Isso aí em cima é a capa do primeiro disco solo do ex-Hermano Marcelo Camelo, “Sou”. Antes que você pense que a Liv fã de Los Hermanos struke back e resolveu fazer uma resenha do trabalho daquele que já foi líder de uma das bandas queridinhas da sua adolescência, aviso logo que não me dei e não pretendo me dar este trabalho. O último álbum dos cariocas, o tal do “4″, me traumatizou o suficiente pra que eu quisesse passar longe de qualquer registro sonoro posterior vindo deles. Confesso que não consegui… ouvi uma das músicas novas e, bom, deixa pra lá que esse não é o assunto do post.
Quando o álbum foi disponibilizado na Internet, a primeira coisa que eu reparei foi que resolveram usar a mugshot do Camelo como foto de divulgação – qual foi a do delito eu não sei, mas que isso é foto de delegacia, só pode. A segunda, mas não menos importante, foi a palavra “nós” colocada de cabeça pra baixo formando “sou”, em tipografia e papel de jornal, que estampa a capa do disco. Cheguei a ficar emocionada com o resultado, tão simples, mas tão bonito. Aí que fui avisada que o pai da obra se chama Rodrigo Linares, amigo do querido Dahmer e de meu excelentíssimo namorado.
Linares tem o jornal como matéria prima e, curiosamente, descobri que ele é jornalista, meu veterano. Das páginas frágeis, ele tira palavras que formam poemas, pedaços que viram mandalas – pequenas, médias, enoooormes – e dá um sentido diferente àquele amontoado de papel que vai pro lixo após a leitura. Infelizmente, o Linares não tem um site com registros da obra dele, mas só de ver o que saiu sobre ele aqui e ali dá pra ter uma idéia do trabalho.









Ah, vá, o 4 tem algumas músicas boas sim.
90% do Amarante, mas ainda assim.
Juro que não achei nenhuma, peguei uma birra desse disco…
O mugshot não é do episódio do avião com o cara do… Detonautas?
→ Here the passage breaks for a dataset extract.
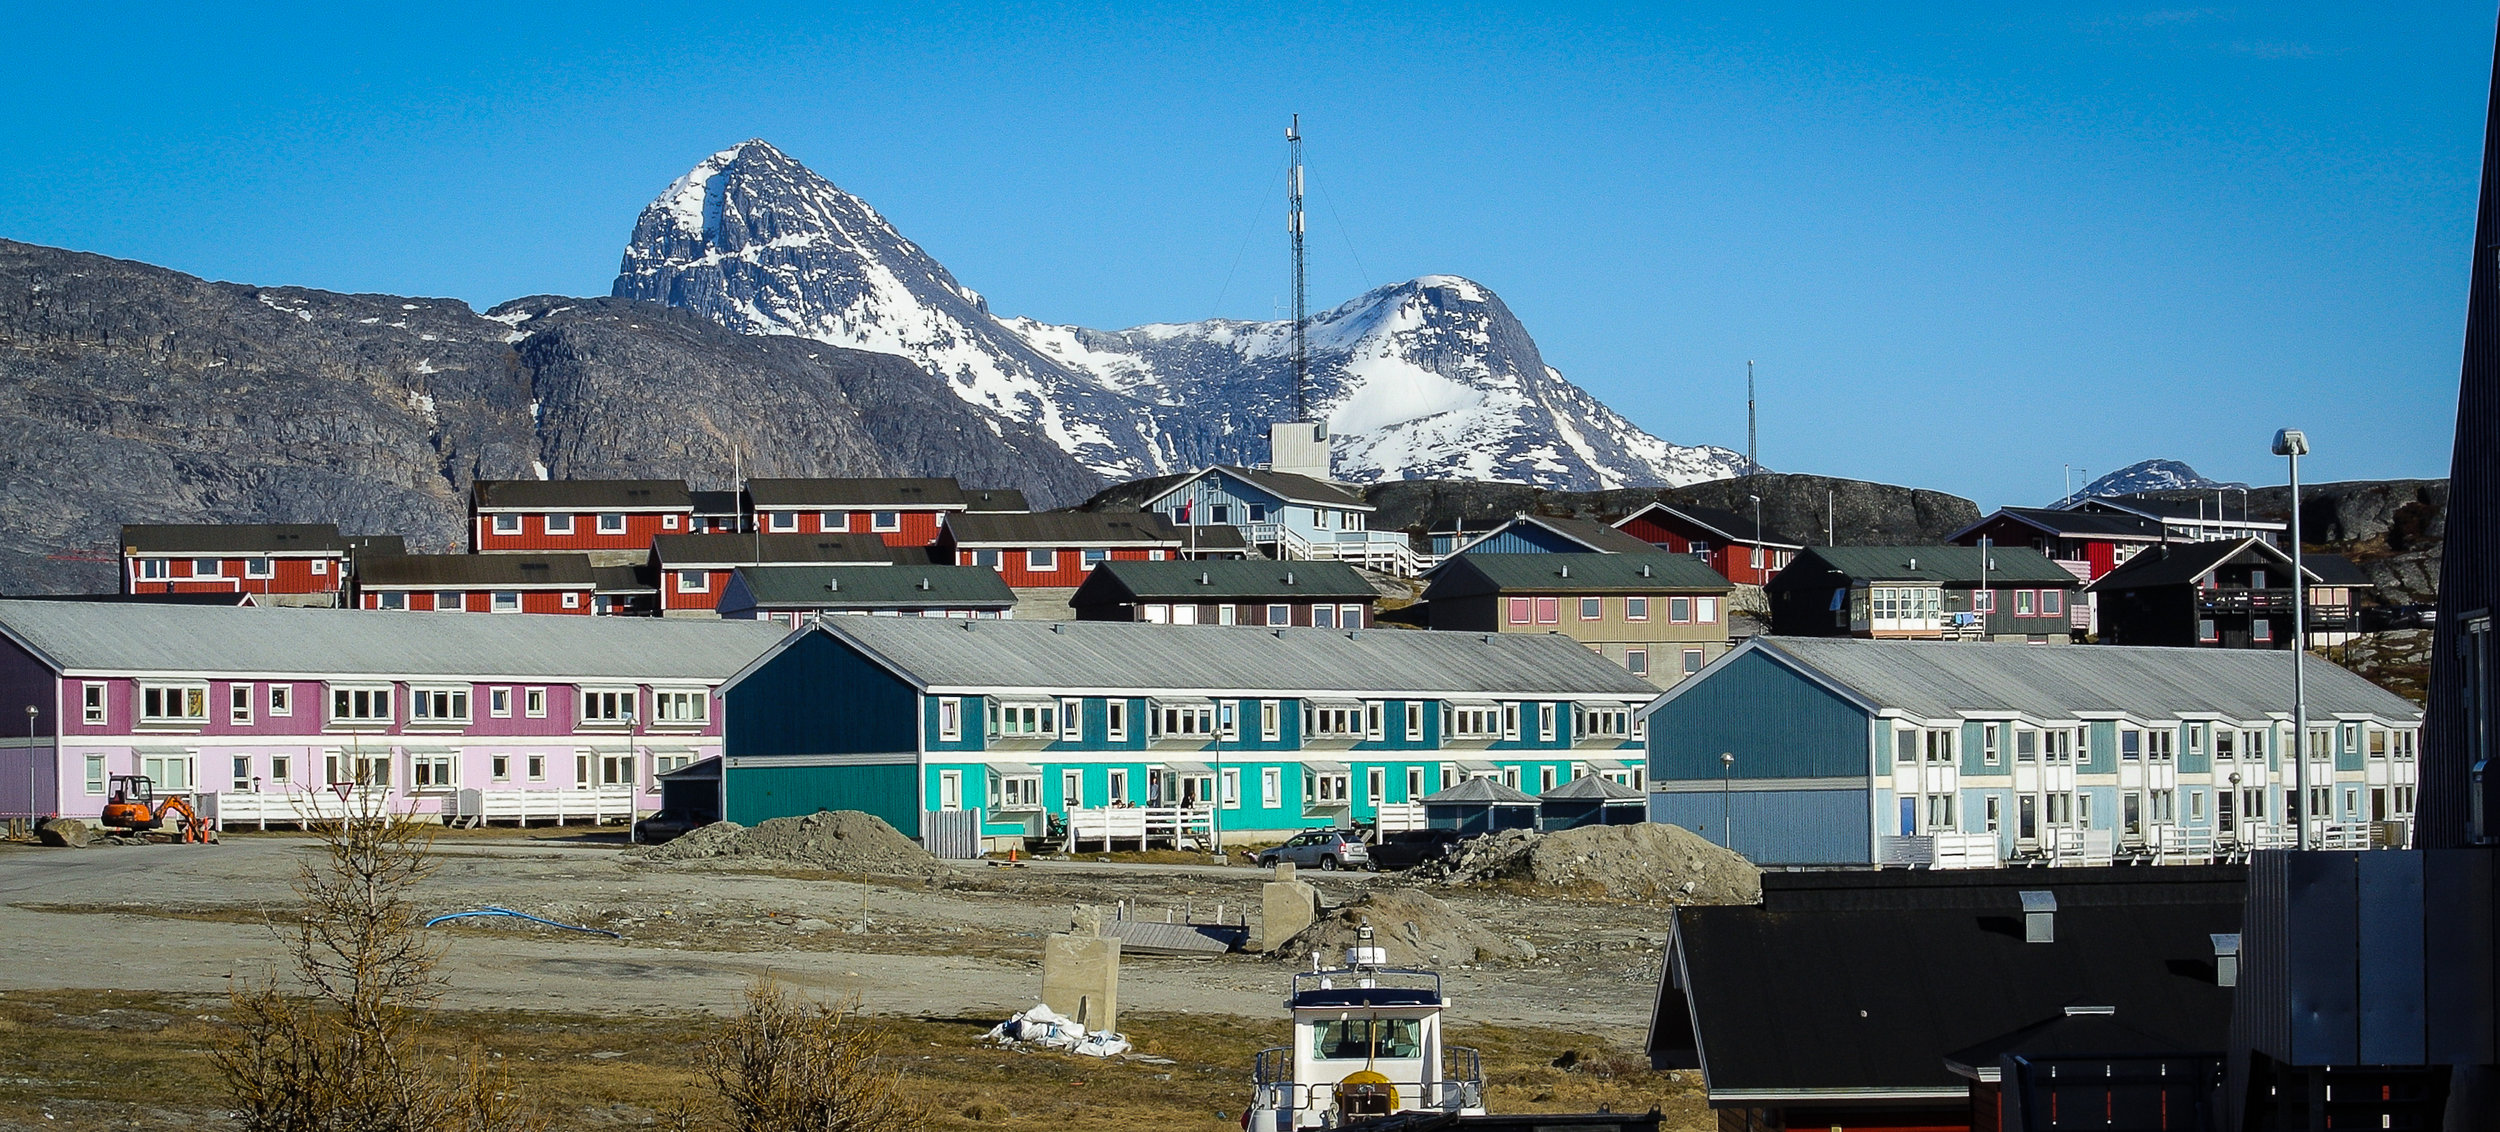 Nuuk. Greenland´s tradition of timber as the main house building material may provide opportunities for the lumber industry in Maine. JONAA@Vilborg Einarsdottir

Xotaquest (acho que não)… Nem lembro mais que banda era, mas rolou uma porrada bonita. Lembra?
Chorão, do Charlie Brown Jr.! Pela cara inchada, também imagino que a foto deva ter sido tirada PÓS SOCO NO NARIZ…
É o lance da briga no avião foi com o Chorão. hauhauah agora essa foto do Maomé tá boa..
Parabéns pelo blog conheci agora, vou entrar sempre.
Gente, essa foto tá parecendo mugshot de um mendigo, né?! Eu também fiquei traumatizada com o 4. Por sorte meu marido baixou ele pra mim antes de eu comprar (porque eu conservo este hábito antiquado de comprar cd antes de ouvir quando gosto da banda). Ouvi a primeira vez e foi um horror! Ouvi a segunda e a terceira e a quarta na maior boa vontade, vendo se era o caso de ir percebendo o álbum aos poucos, mas não deu. Achei ruim, falei.
O trabalho do Rodrigo Linares é interessante, mas essa capa do disco do Camelo é concretista demais pro meu gosto. De todo modo, eu cederia meu poema concretino CÚ de bom grado -combinaria mais com a mugshot do Camelo que esse sou/nós. (=
1- Bom, não entrarei no mérito do 4 (“do” 4, não “de” 4!), porque para mim as músicas do Camelo (exceto Morena) neste disco estão entre as melhores de todas da banda. Só que ele chegou a um estilo muito próprio, de modo que acho que isso traumatizou os Hermanos, pois a diferença de Amarante e Camelo é tão gritante que obrigaram a se separar.
2 – Quando o cara é bonito, sofre preconceito por ser mais um rostinho bonito, quando é “feio” e quer assumir a feiúra como beleza, o pessoal quer que ele seja bonito?
3 – o assunto do post é outro, e justamente o que mais me chamou atenção – bela poesia esta, a de olhar de outro ângulo as coisas e, às vezes de cabeça para baixo, vê-las como realmente são. Um método da arte contemporânea muito bem utilizado – lembra um pouco o trabalho do Jorge Macchi.
Mas esta da capa ficou linda mesmo.
a capa foi genial! simples e ambígua, adorei!